* _SOURCE MATERIAL_
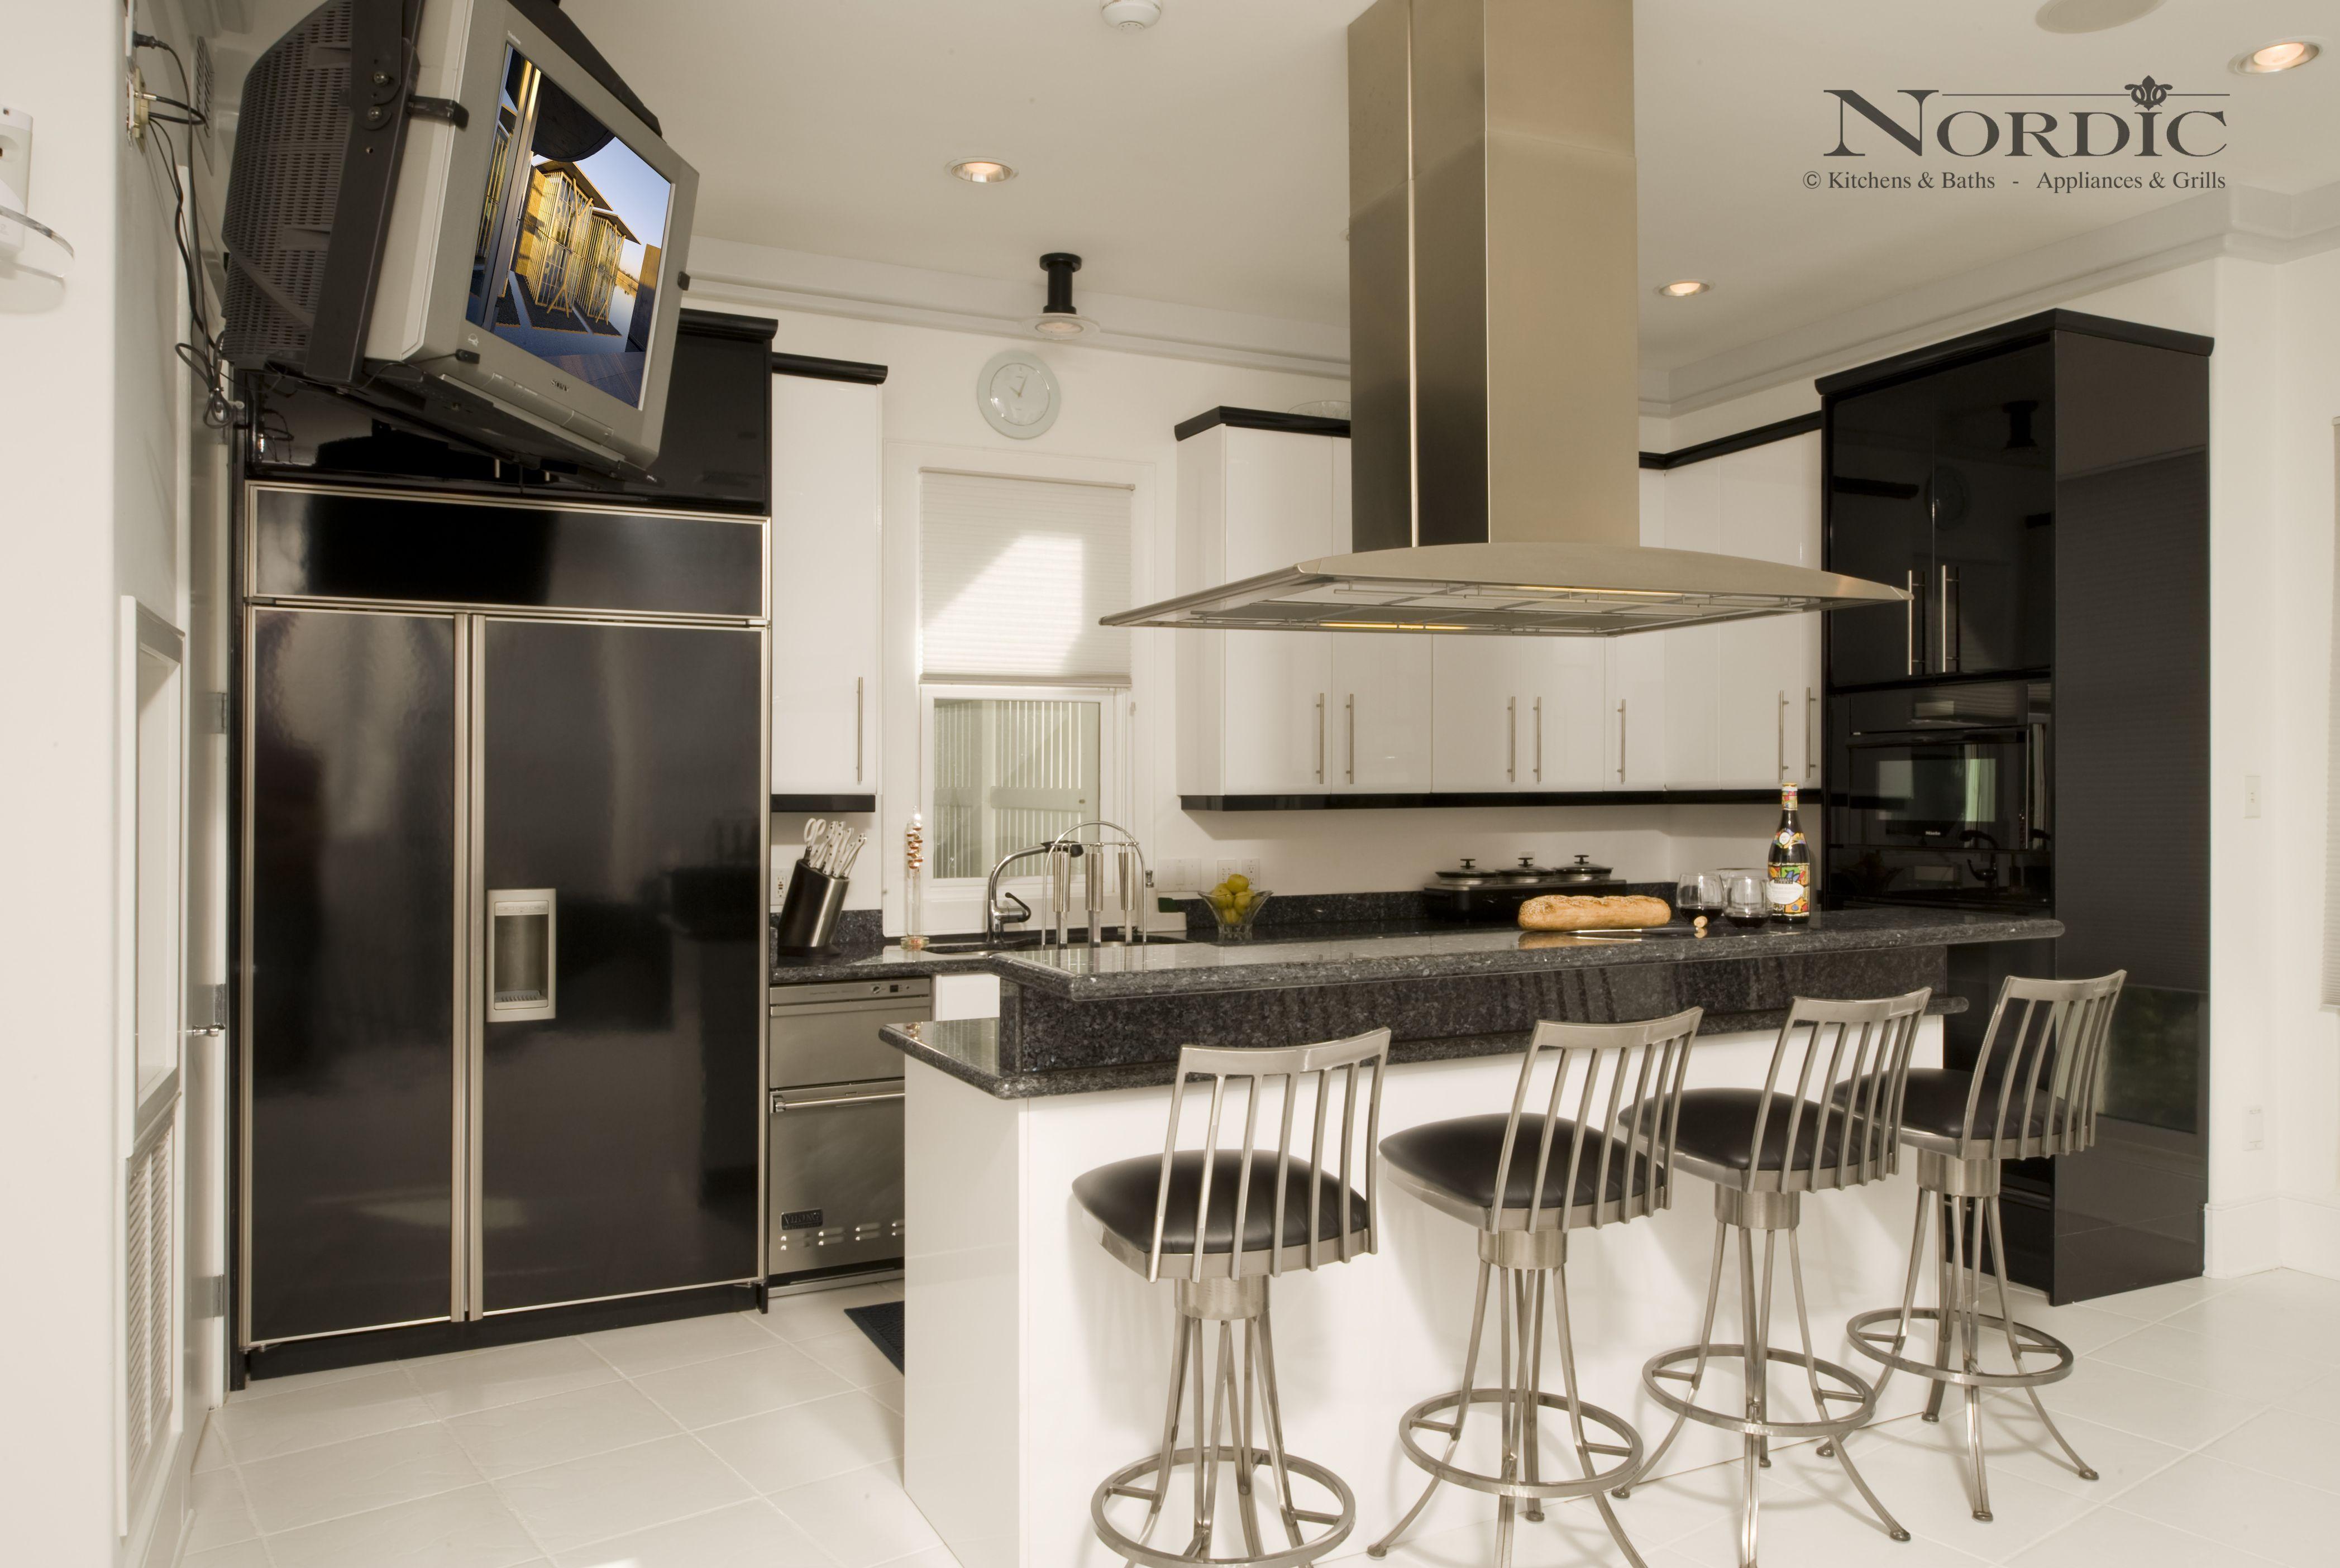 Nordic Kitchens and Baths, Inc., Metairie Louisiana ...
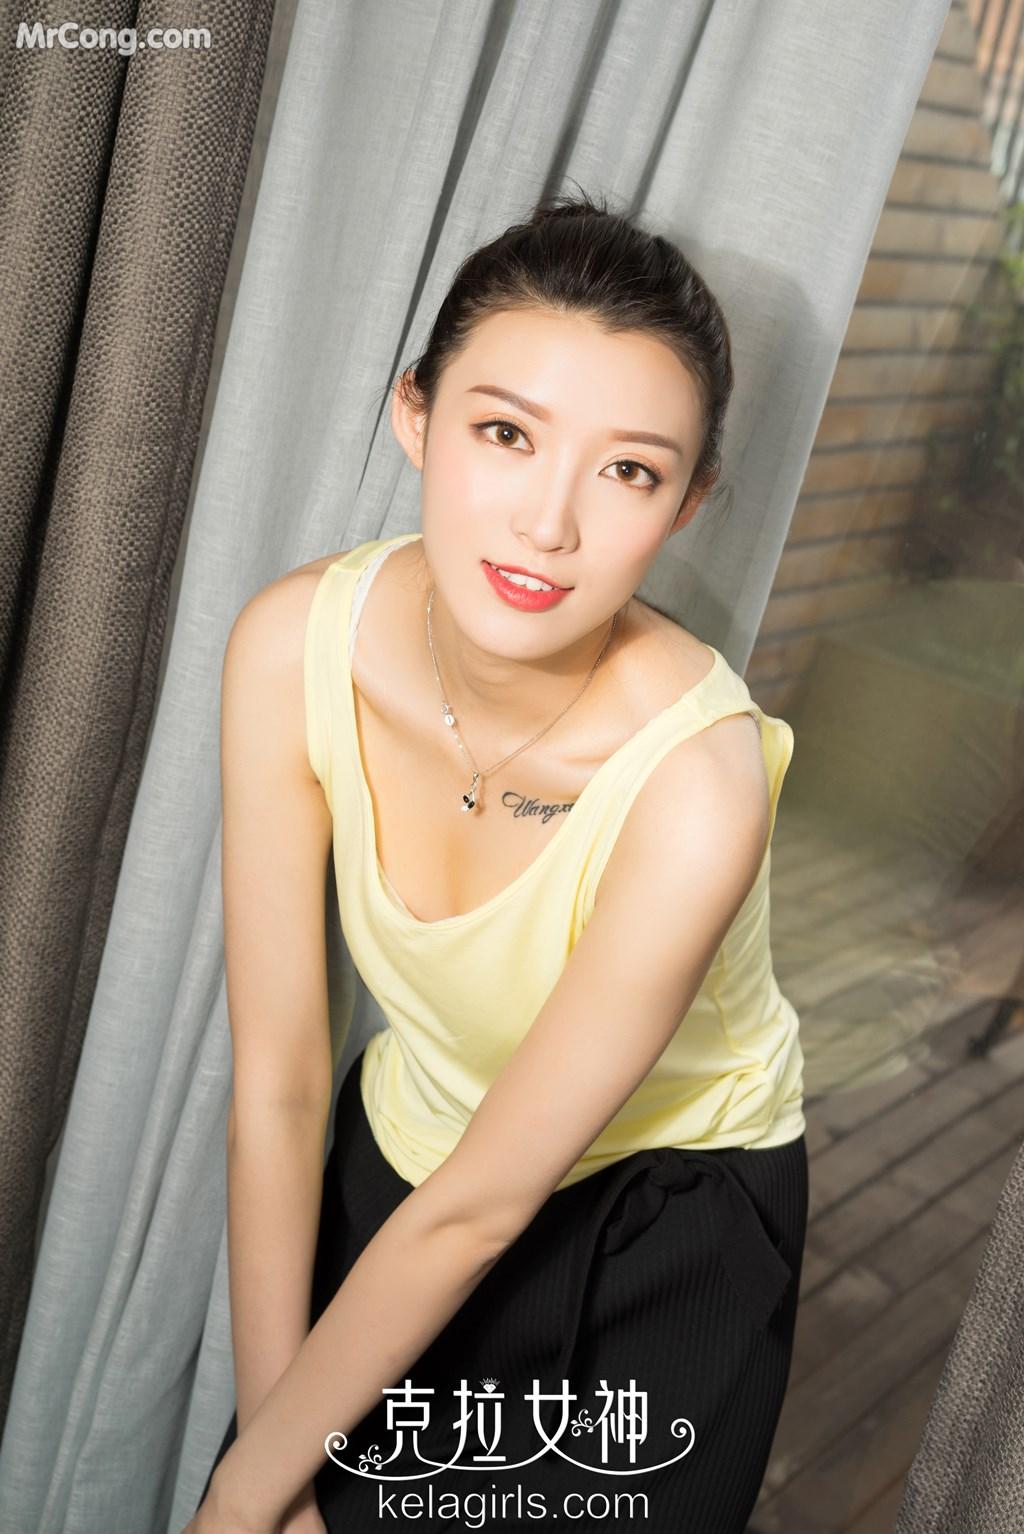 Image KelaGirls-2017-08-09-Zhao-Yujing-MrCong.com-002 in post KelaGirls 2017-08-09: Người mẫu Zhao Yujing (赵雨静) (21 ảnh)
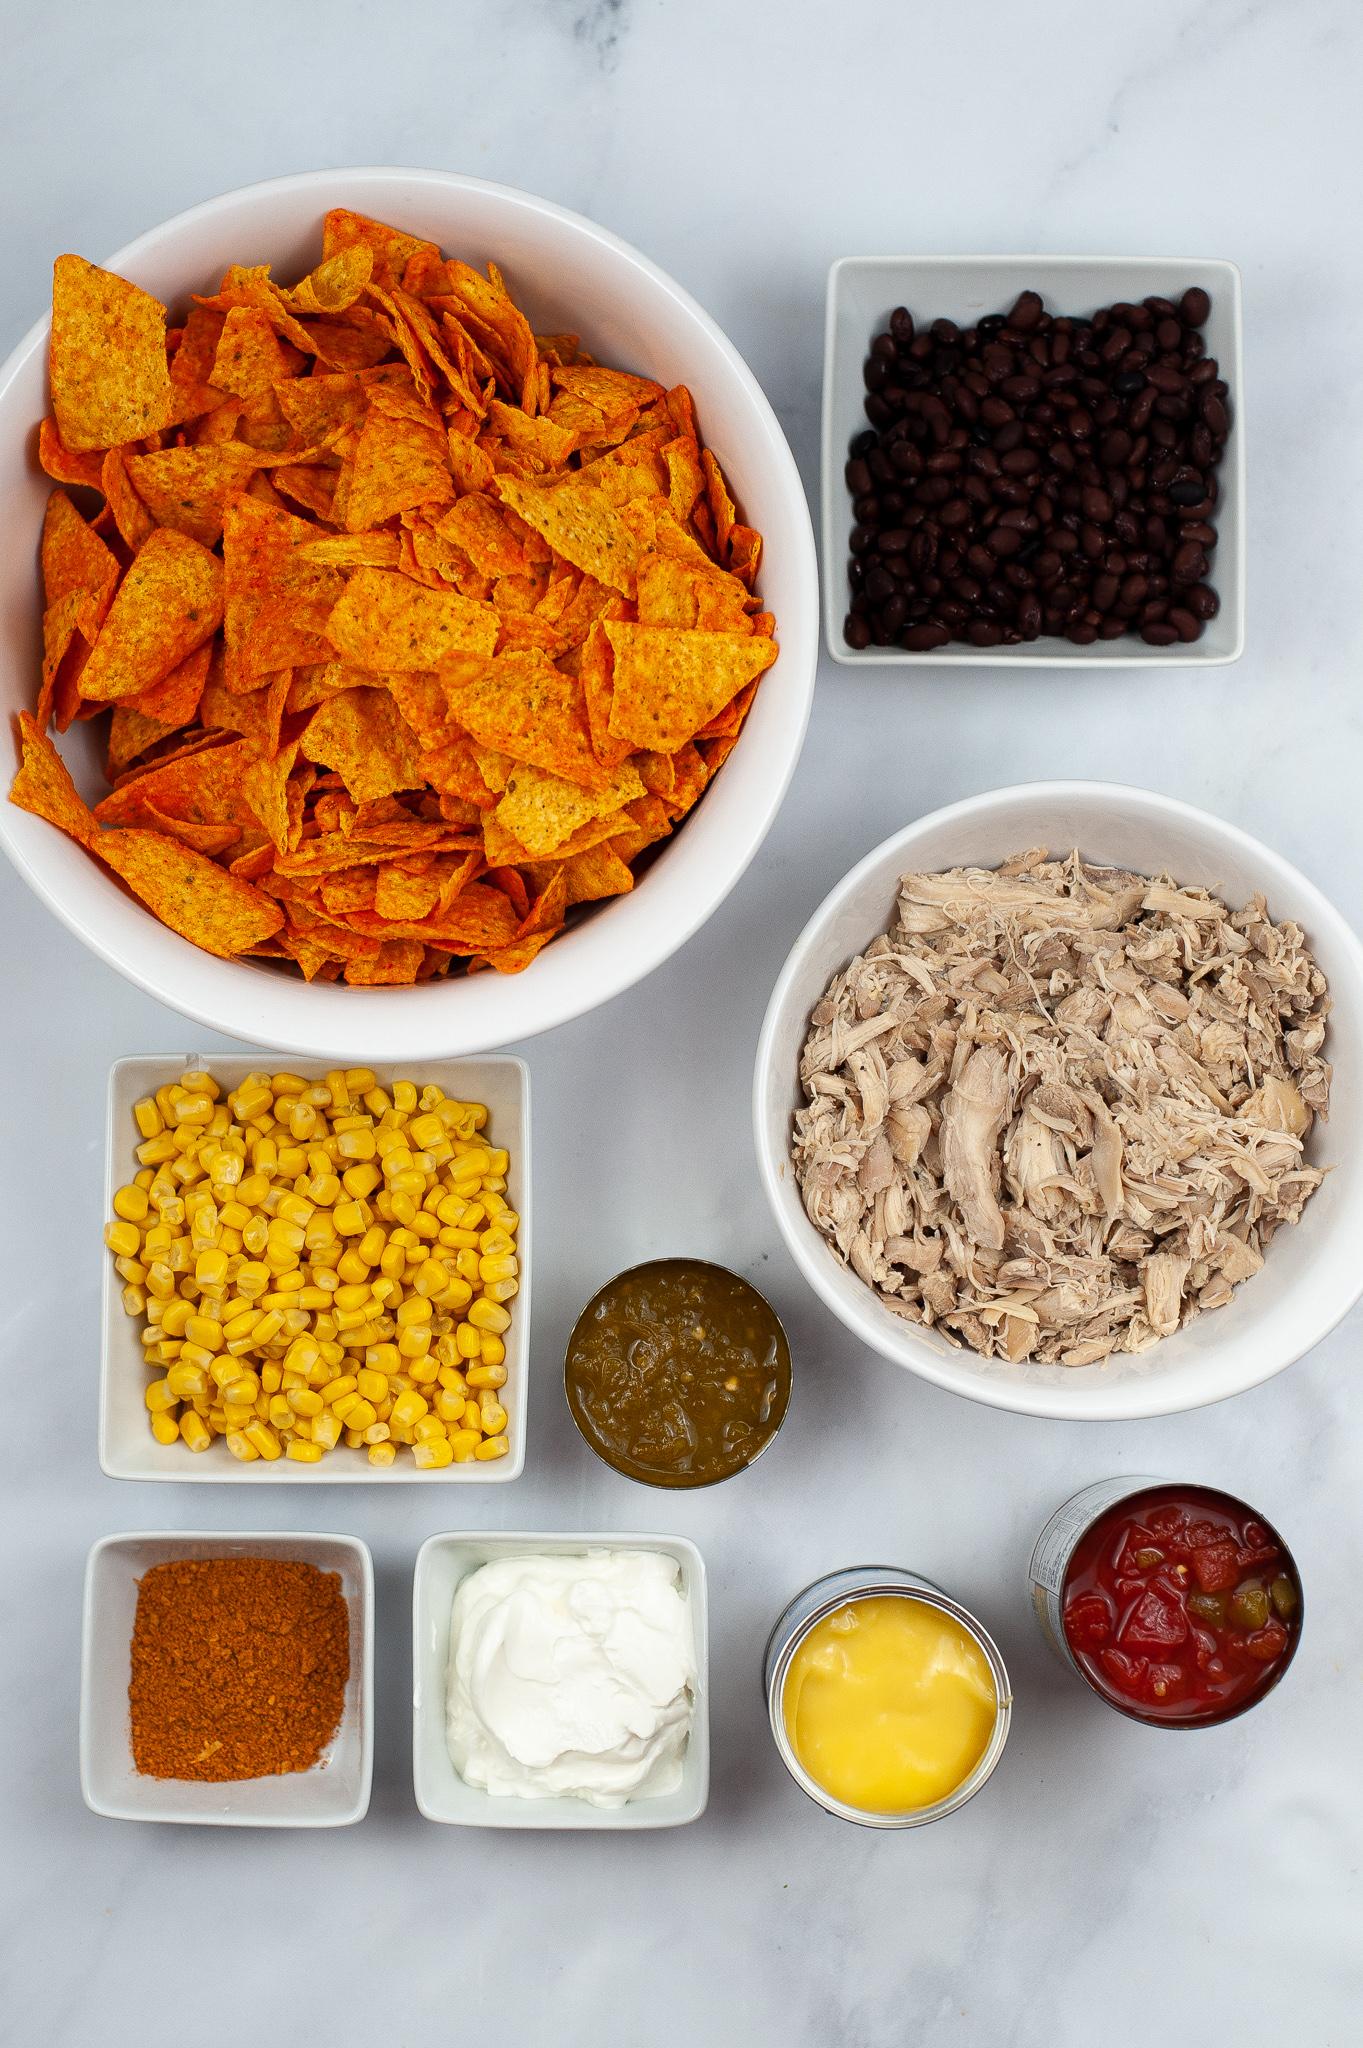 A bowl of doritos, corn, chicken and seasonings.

* _EXERCISE REQUIREMENTS_
Pictures stay out; reproduce exactly the lines from the one containing "Image KelaGirls-2017-08-09-Zhao-Yujing-MrCong.com-002 in" through the last line of the listing, both included.

* _SOLUTION TO THIS PROBLEM_
 Image KelaGirls-2017-08-09-Zhao-Yujing-MrCong.com-002 in post KelaGirls 2017-08-09: Người mẫu Zhao Yujing (赵雨静) (21 ảnh)
 A bowl of doritos, corn, chicken and seasonings.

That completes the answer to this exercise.